Do you have any evidence it decayed at all? Or, is this pure speculation?
So, you don't have any evidence to support your claim that carbon decayed at a different? The evidence that carbon decays at a consistent rate is that it has always decayed at the same rate since we have been looking at it. It has never changed.
That has about as much merit as saying, since I saw a car coming down the highway, cars always came and at the same speed.
That's a ludicrous comparison. Since we have been measuring the decay rate of carbon it has never changed and we have found absolutely no indication that it would ever change. It is pure speculation that at any time in history it decayed at a different rate, unless you can provide some evidence to support your claim. As of yet, you have not provided anything beyond mere speculation.
The issue is not 'history'. The issue is pre history. Science measuring rates for a few hundred years is very recent.
I agree, but throughout the time we've been measuring the decay rate, it has never changed. And, we have found no indication or reasoning to back up any claim that it would have changed at all.

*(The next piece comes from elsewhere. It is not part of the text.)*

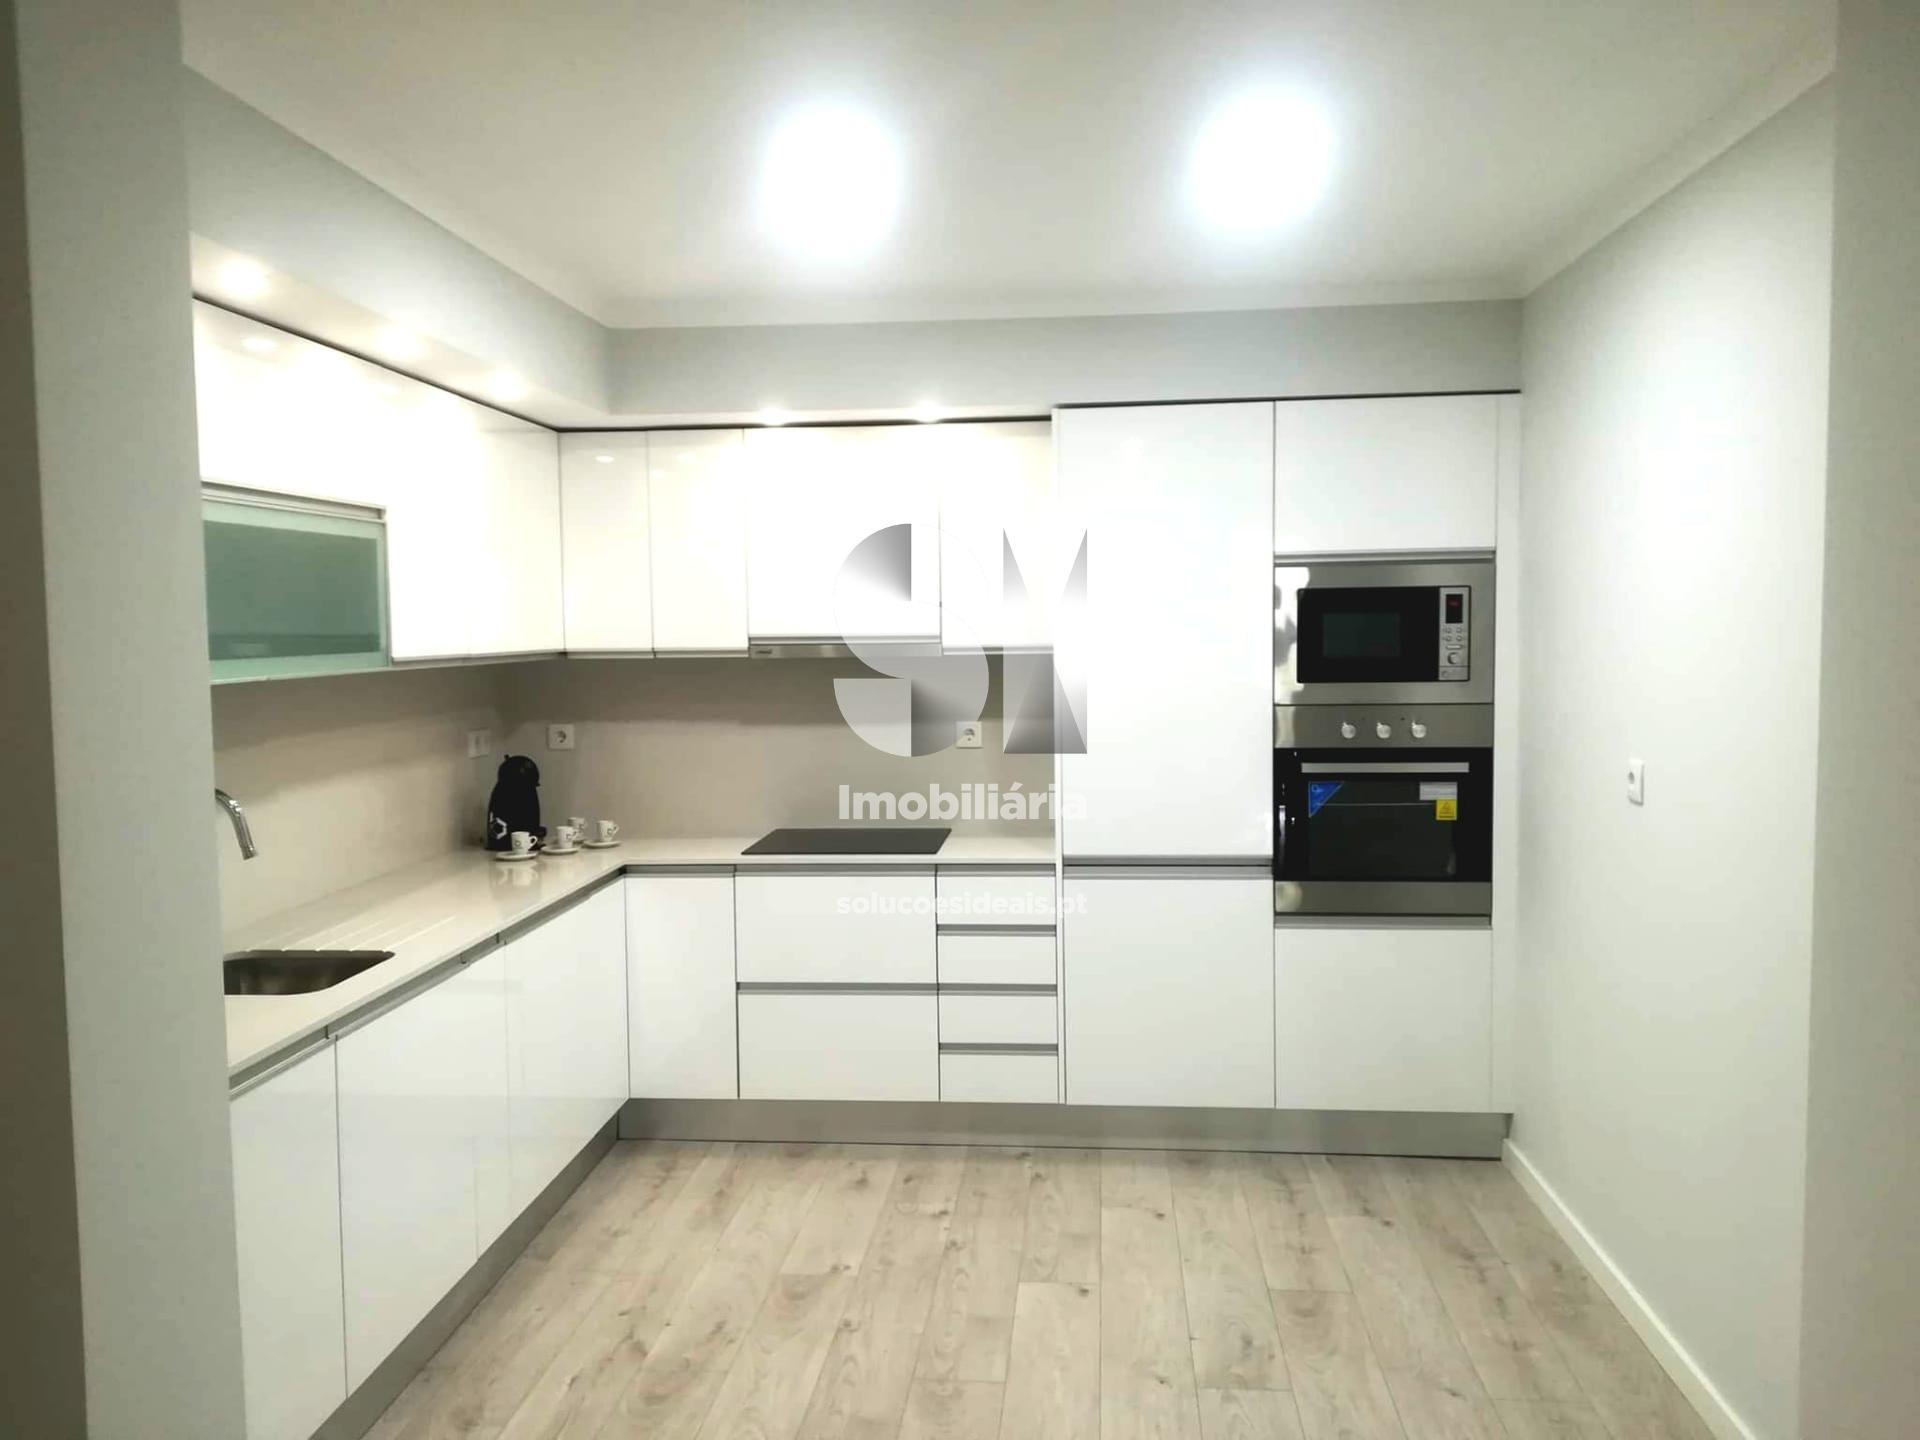 apartamento t3 para compra em almada uniao das freguesias de almada cova da piedade pragal e cacilhas ALMSB785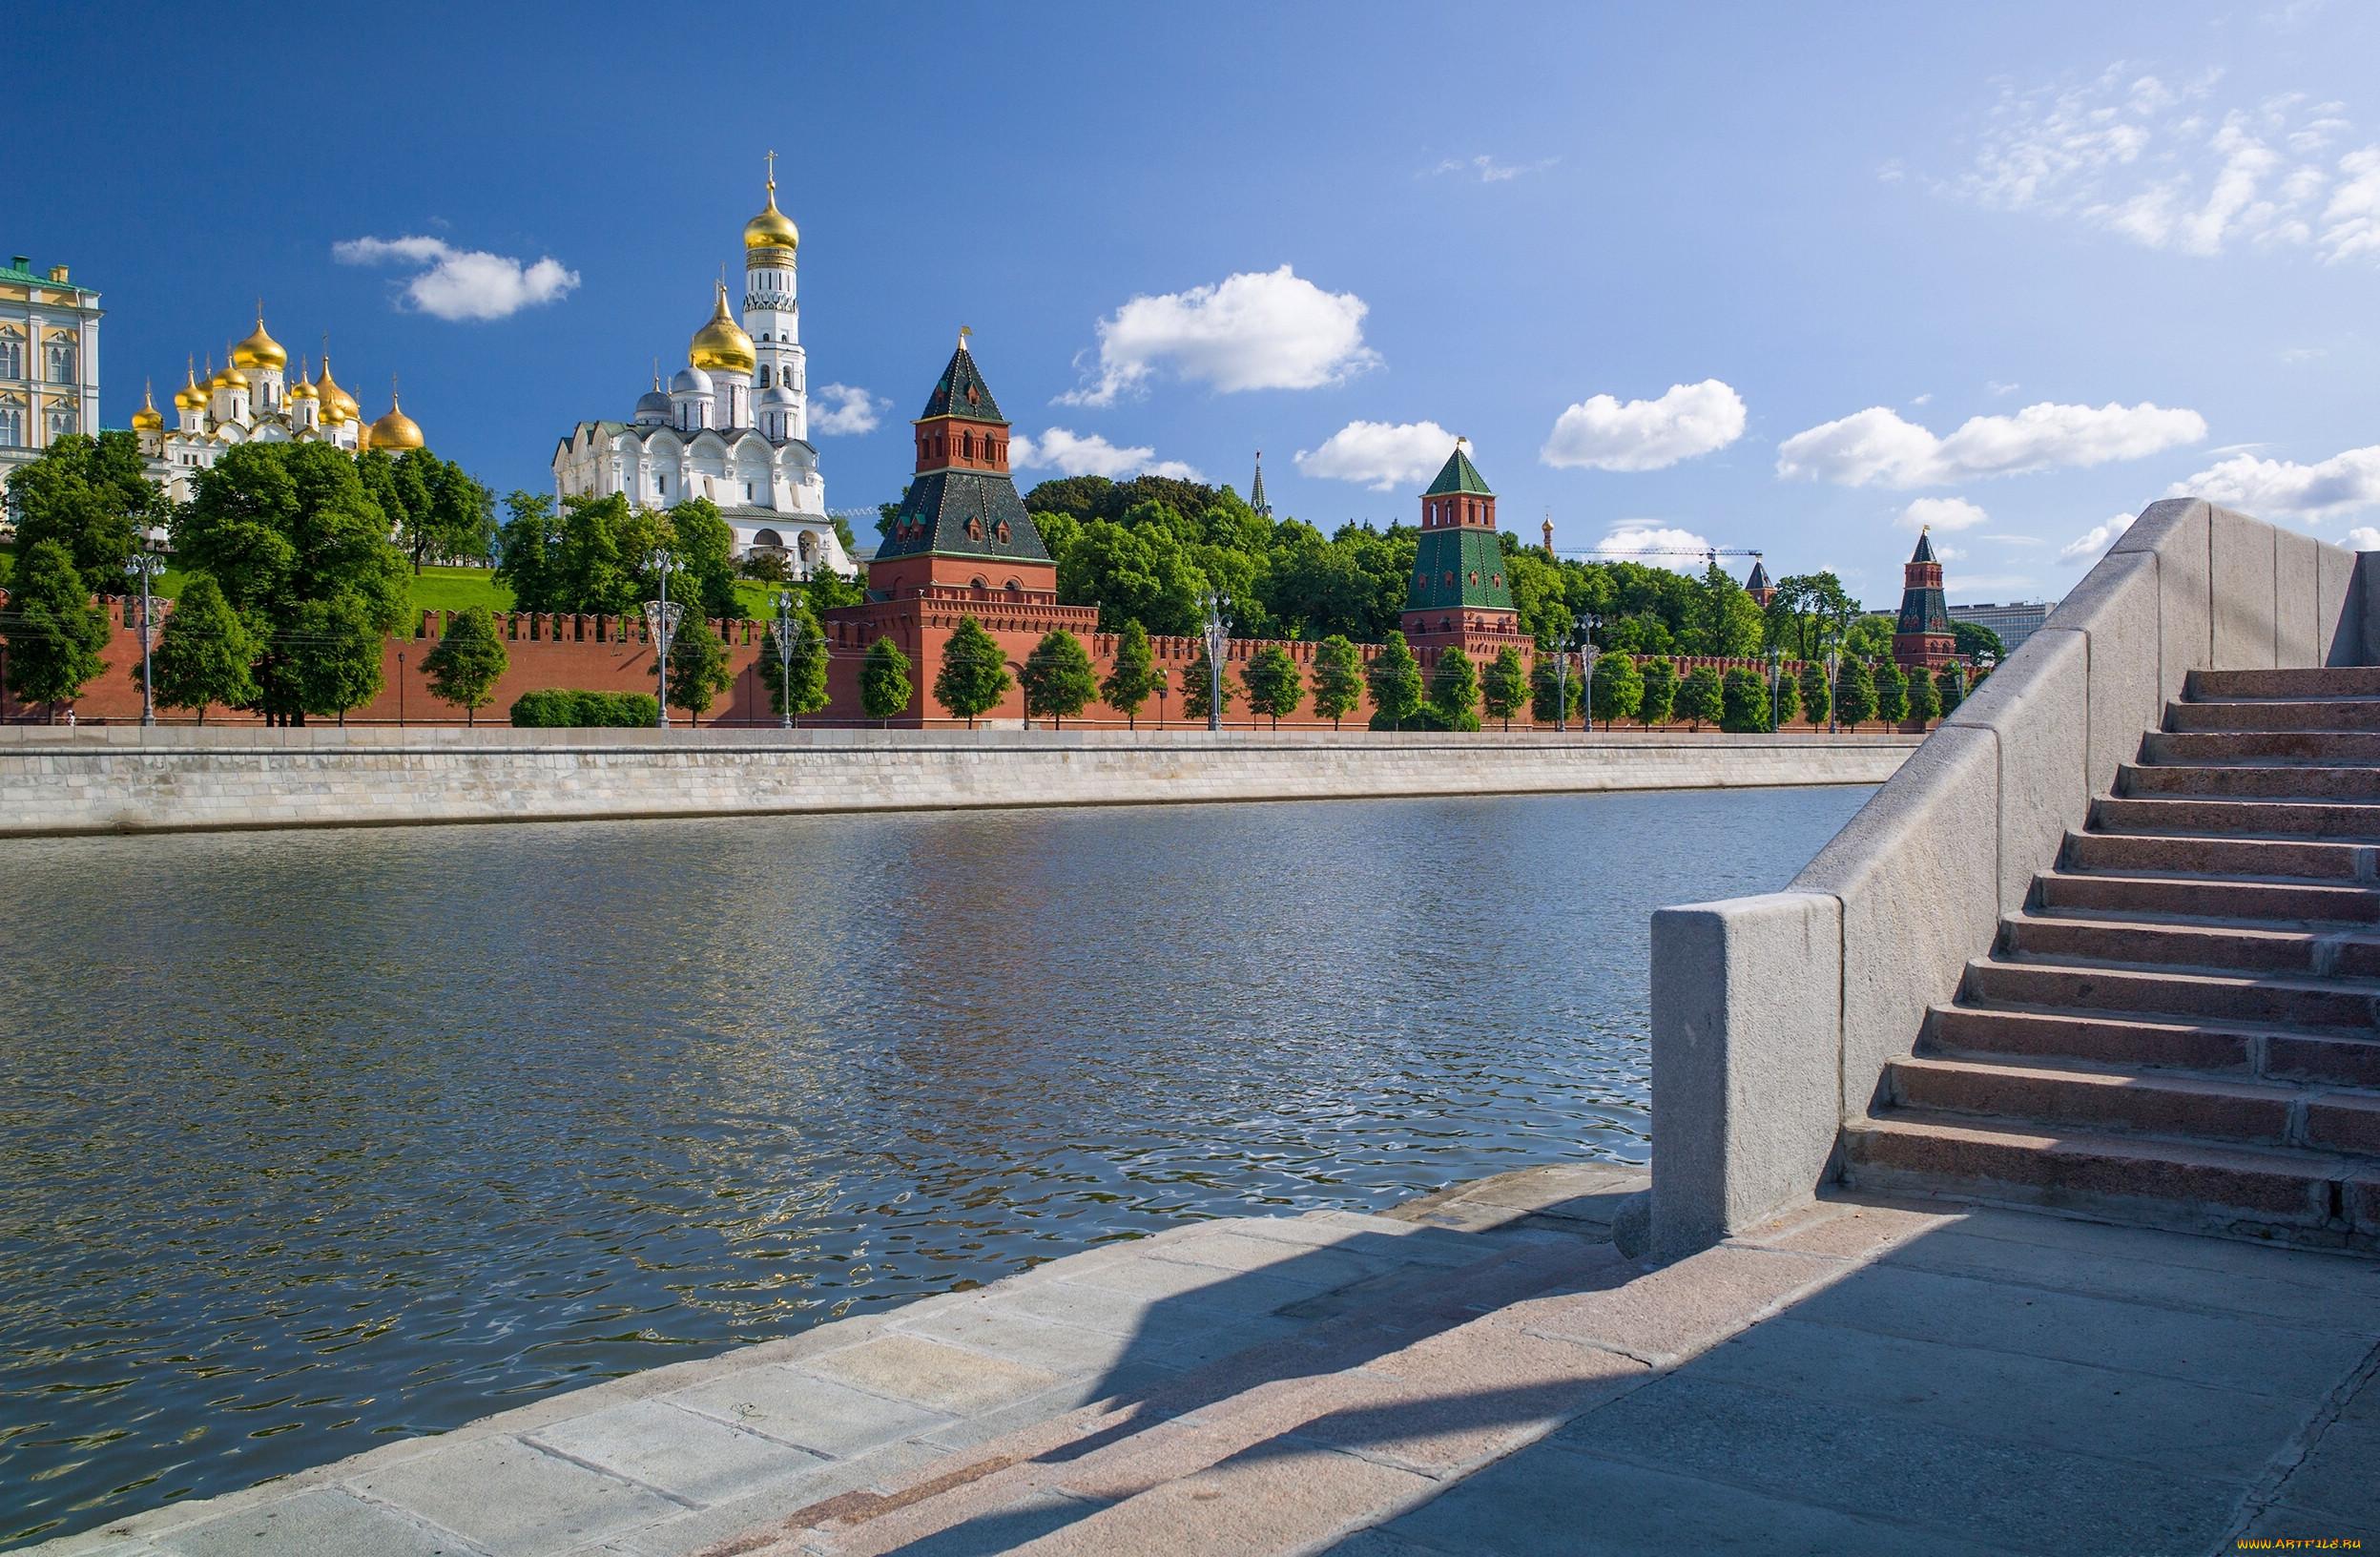 Фото причала Софийская набережная в Москве.

You seem to assume decay existed. Evidence?
We see it happen every time we look for it. It also lines up with the chemistry.
Here is a pretty good explanation of why carbon 14 undergoes radioactive decay.
So, 1) we have direct evidence that carbon 14 undergoes radioactive decay and has decayed at the same rate since we were able to measure it, 2) we understand why carbon 14 decays at a consistent rate, and 3) there is absolutely no evidence, none whatsoever, that would even lead us to consider the possibility that carbon 14 would not have decayed millions of years ago at the same rate.